Caroline Aaron, Marilu Henner, Melanie Mayron, and Brooke Adams. Photo by Carol Rosegg.

The show opens with Aaron directly addressing the audience with a story about her first introduction to the Actors Temple three decades ago by Shelley Winters (“yes that Shelley Winters”), which proves to be the first of many breaks by the cast through the fourth wall, as they shift back and forth between their roles and themselves. Loh’s characters even have many of the well-known attributes of the real-life women, including Henner’s “highly superior autobiographical memory” (HSAM) or hyperthymesia, a rare brain condition, diagnosed in less than 100 people worldwide, which enables her to remember everything that ever happened to her, with precise dates and details. They also make running jokes about the show’s low budget, supposedly (but intentionally) providing for minimal props and design elements (many of which they mime or ask us to envision). The result is a greater sense of the actresses’ personal connection to the story, its outspoken humor, and their audience of enthusiastic fans, who get all the inside jokes (except for the one about Brentwood that doesn’t hit in NYC but “would get a big laugh in LA”).
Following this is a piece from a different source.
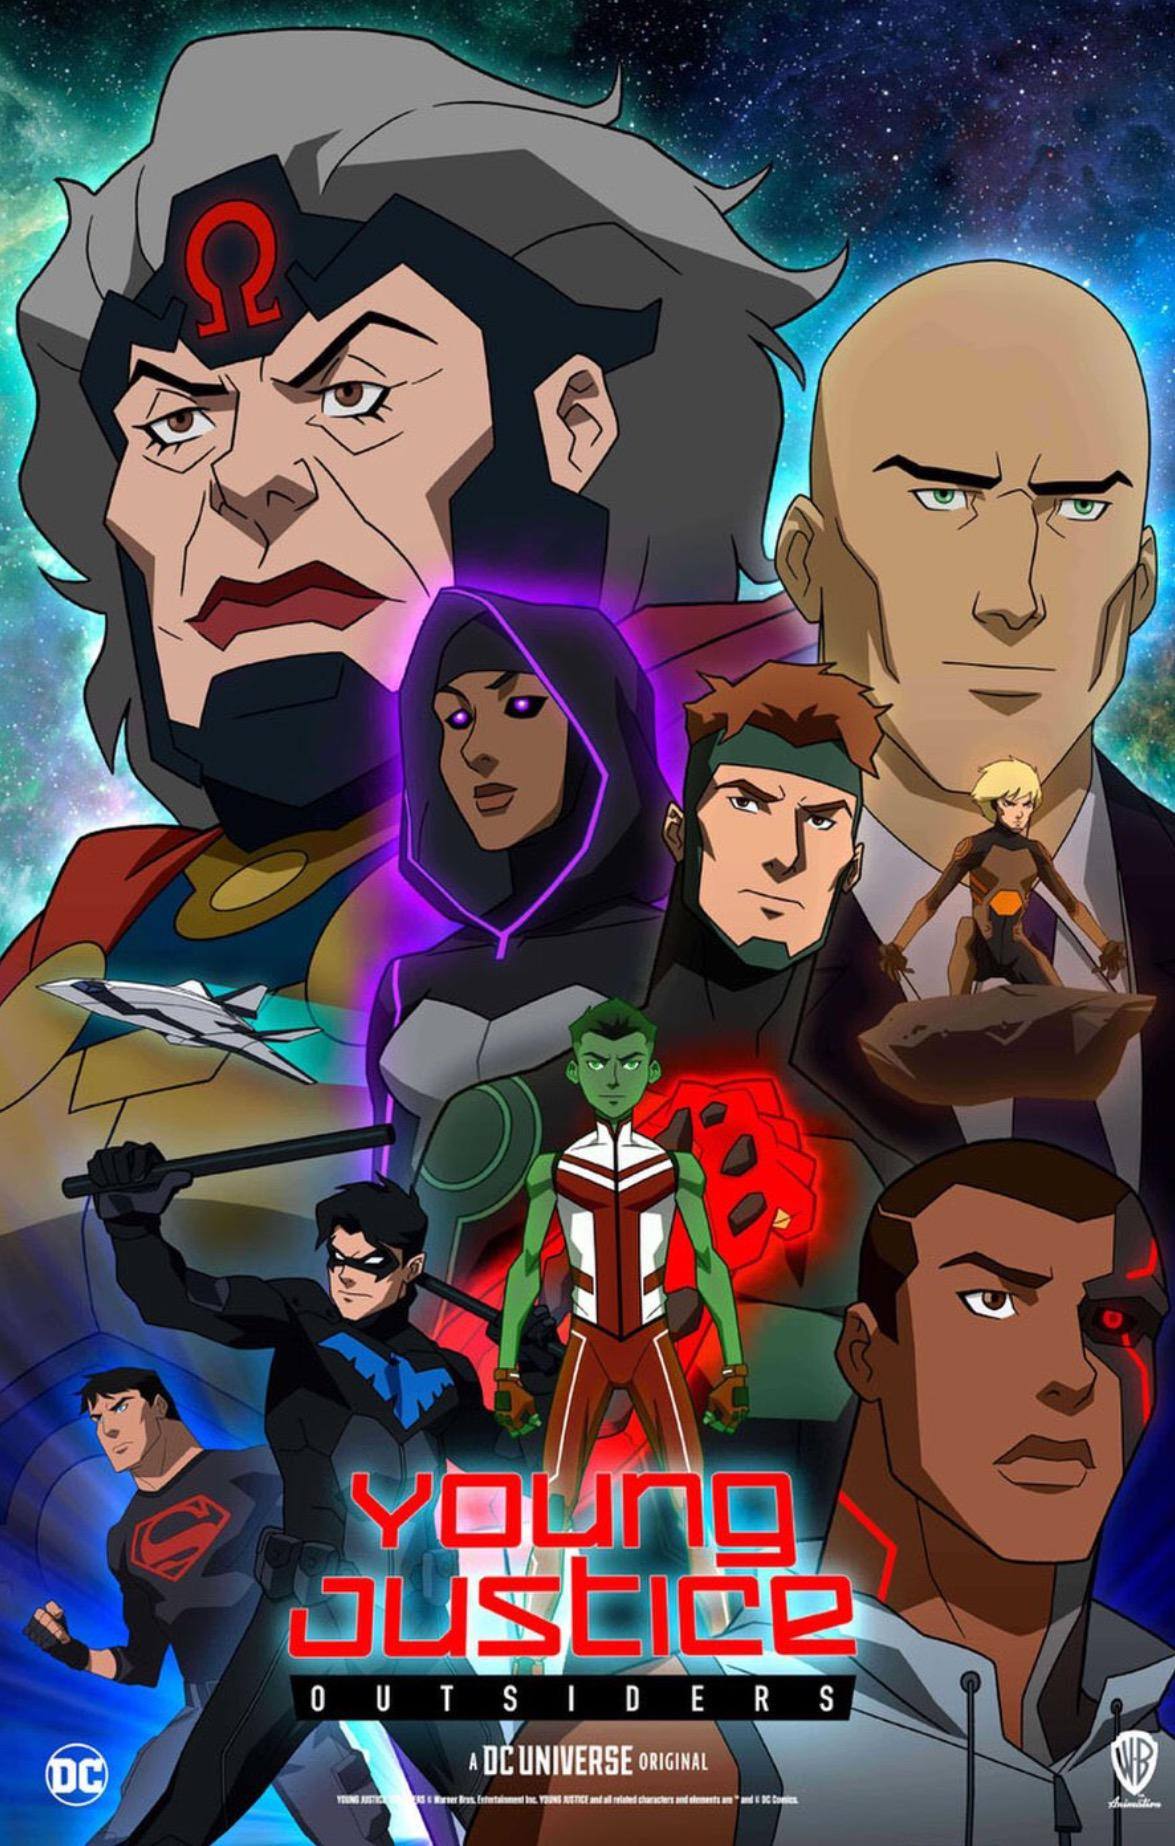 Titans (Temporada 3), Batpedia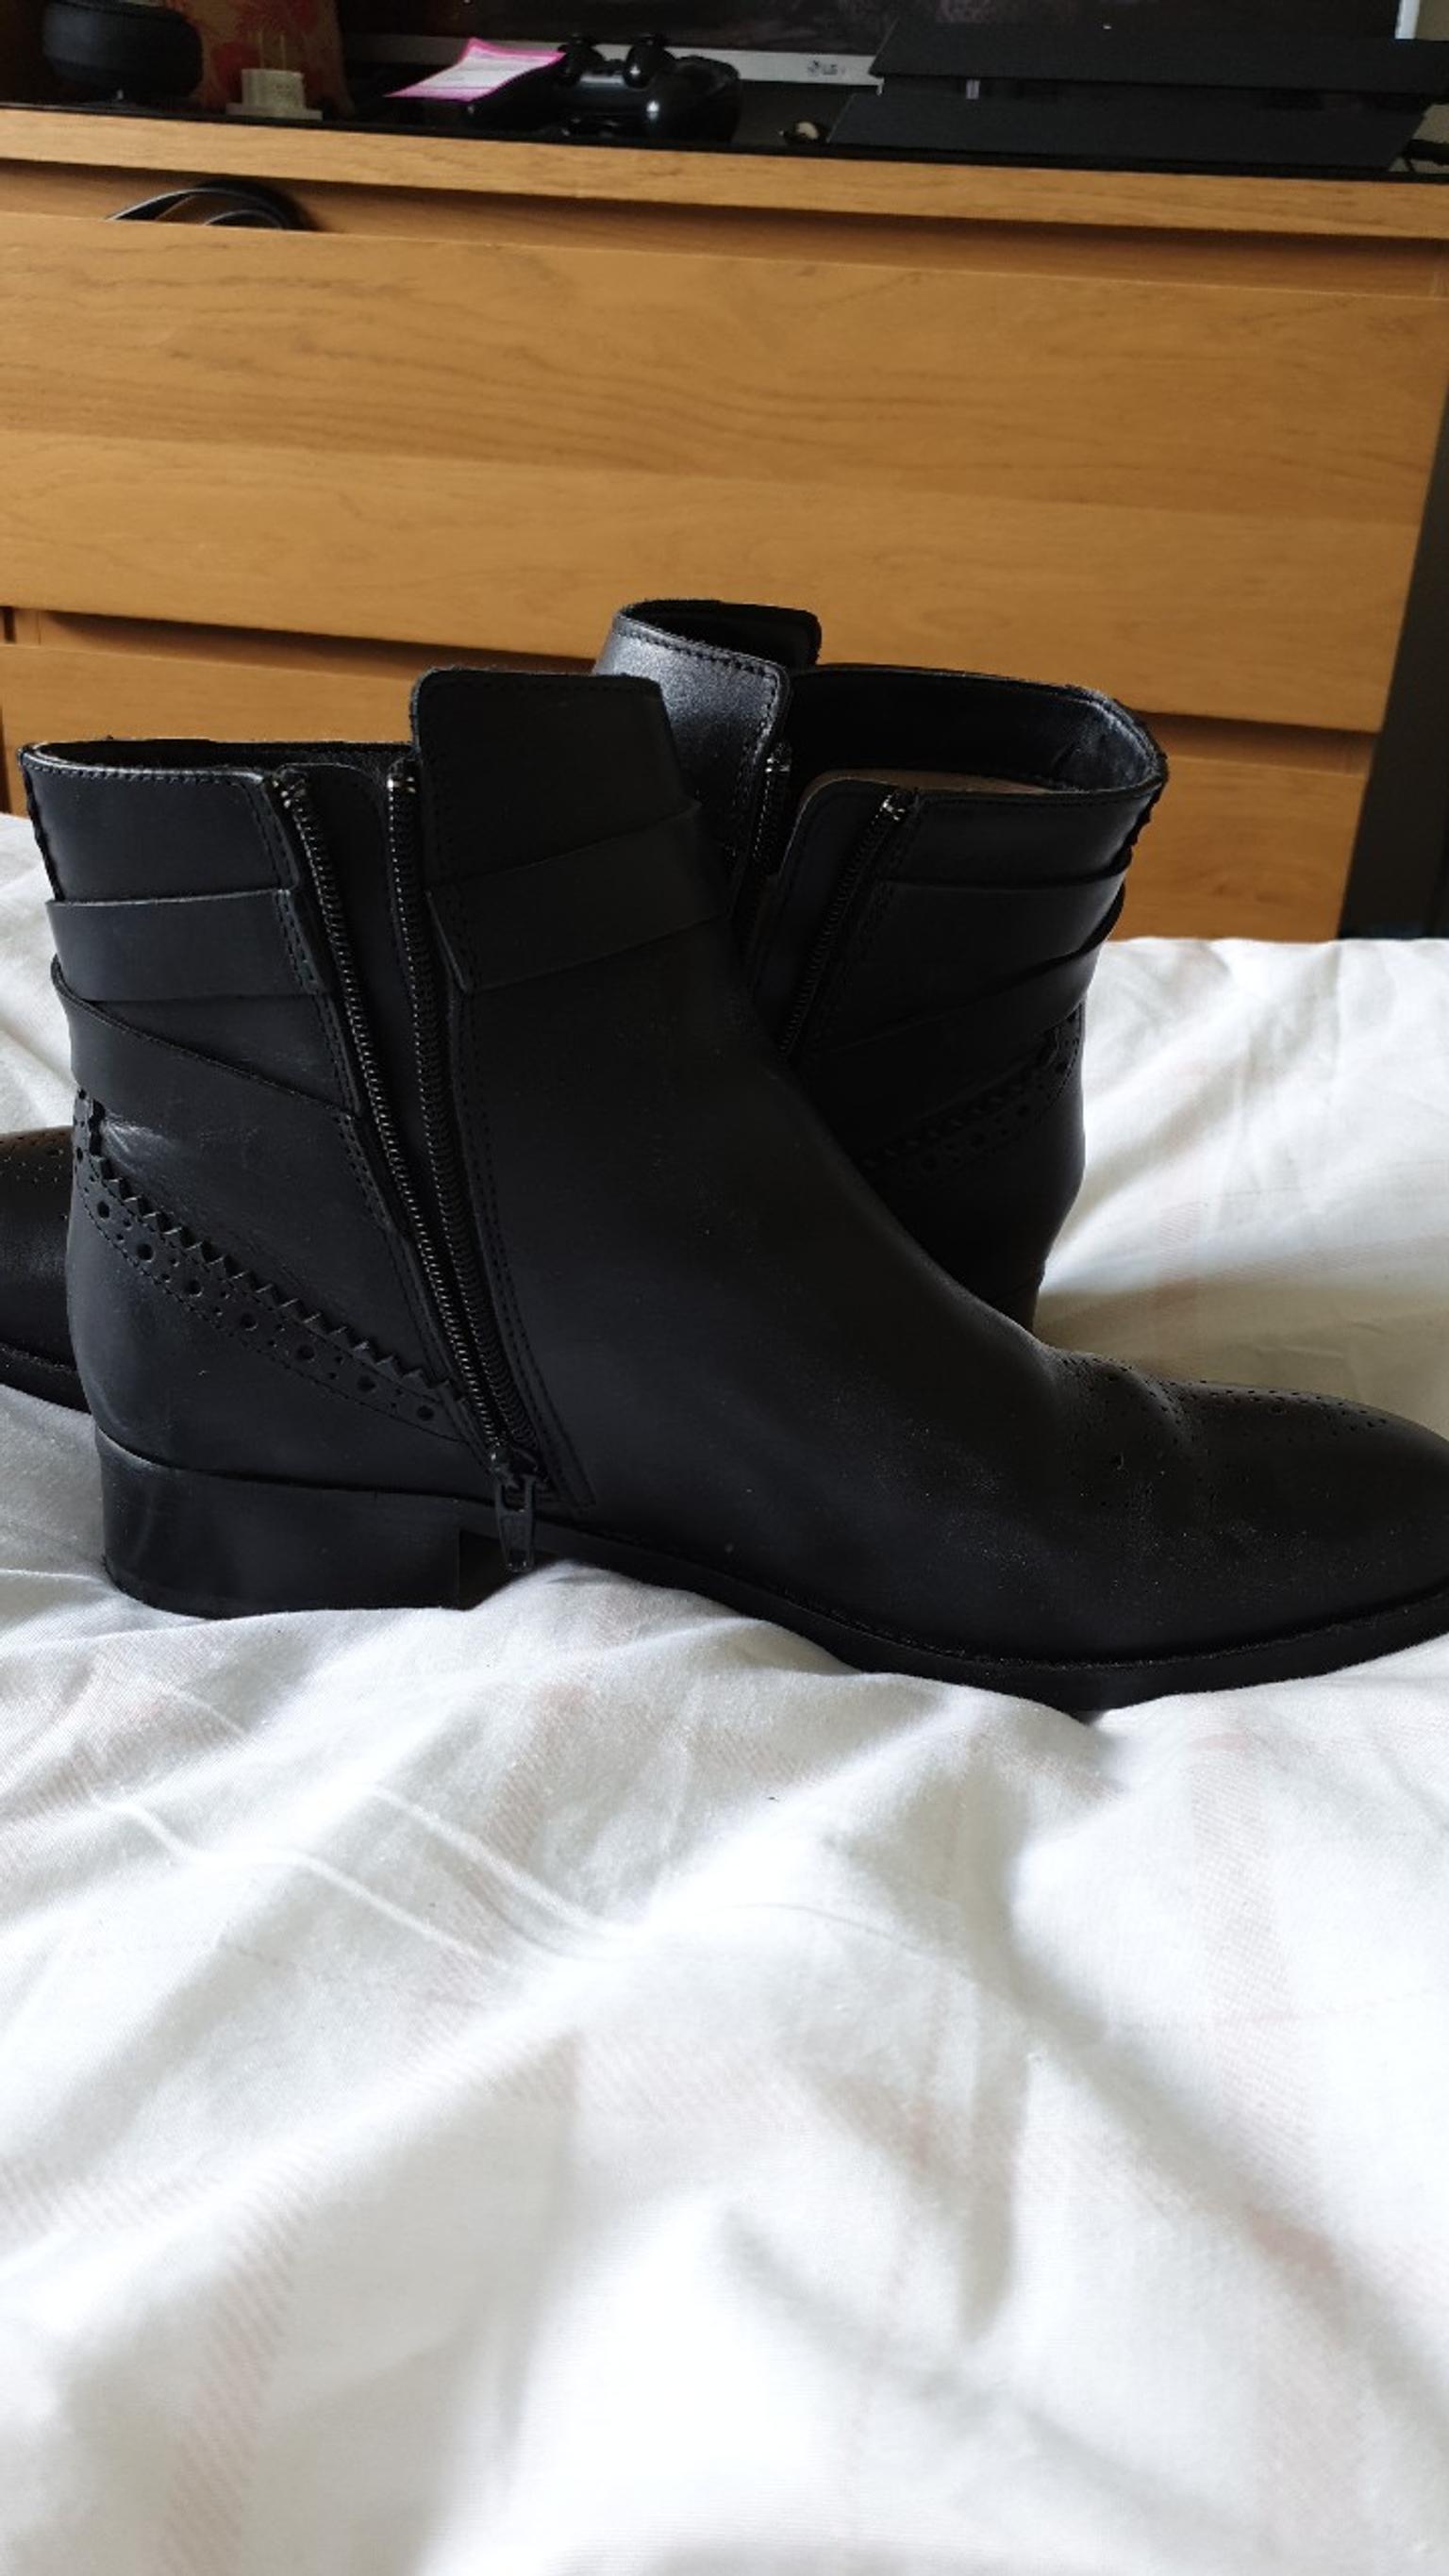 clarks low heel boots

Each woman is given her moment in the spotlight, beginning with Aaron’s riotously, unapologetically feisty Marilyn, a dedicated teacher and founder of a girls’ school, who doesn’t quite understand the dramatic rise in “the trans wave” or the current use of pronouns, is cheating on her pre-diabetic sugar cleanse and is smoking again, whose retired husband is around the house too much and is getting on her nerves, and who never even tries to hide her aversion and hilarious reactions to Henner’s vain Zoey (making a grand entrance down the center aisle and striking poses throughout the show), her long absence in London and lack of contact with the close-knit group, phony British accent, or sexualized conversation and behavior (with a tour-de-force sequence of eye-rolling, head-shaking, face-covering, and accent mocking) – all setting the stage for a disastrous reunion brunch but an uproarious comedy with masterful performances.

Marilu Henner (center), with Melanie Mayron, Brooke Adams, and Caroline Aaron. Photo by Carol Rosegg.

Mayron’s Claudia – a previously acclaimed but now struggling photographer who is “vaguely Jewish, vaguely lesbian . . . not the new kind, the old-fashioned kind,” hates surprise parties, is suffering from depression, and is being ghosted by her trans child JJ over an argument they had – shows up in her plaid flannel PJs and work boots and lets herself in with the key she has to Jules’ house, unaware of the planned celebration (cheaply decorated by Marilyn, though all we see is a colorful piñata hanging in the center of the room, due to the low props budget), then tries to leave once the tirades begin, but only makes it to the edge of the stage (thanks to Uber). And Brooke Adams’ Jules, called out by an angry Claudia as “passive aggressive and controlling,” is generally less forcefully combative, though she, like the others, has a couple of big reveals of her own that she’s kept beneath the surface (and in her water bottle), until she doesn’t.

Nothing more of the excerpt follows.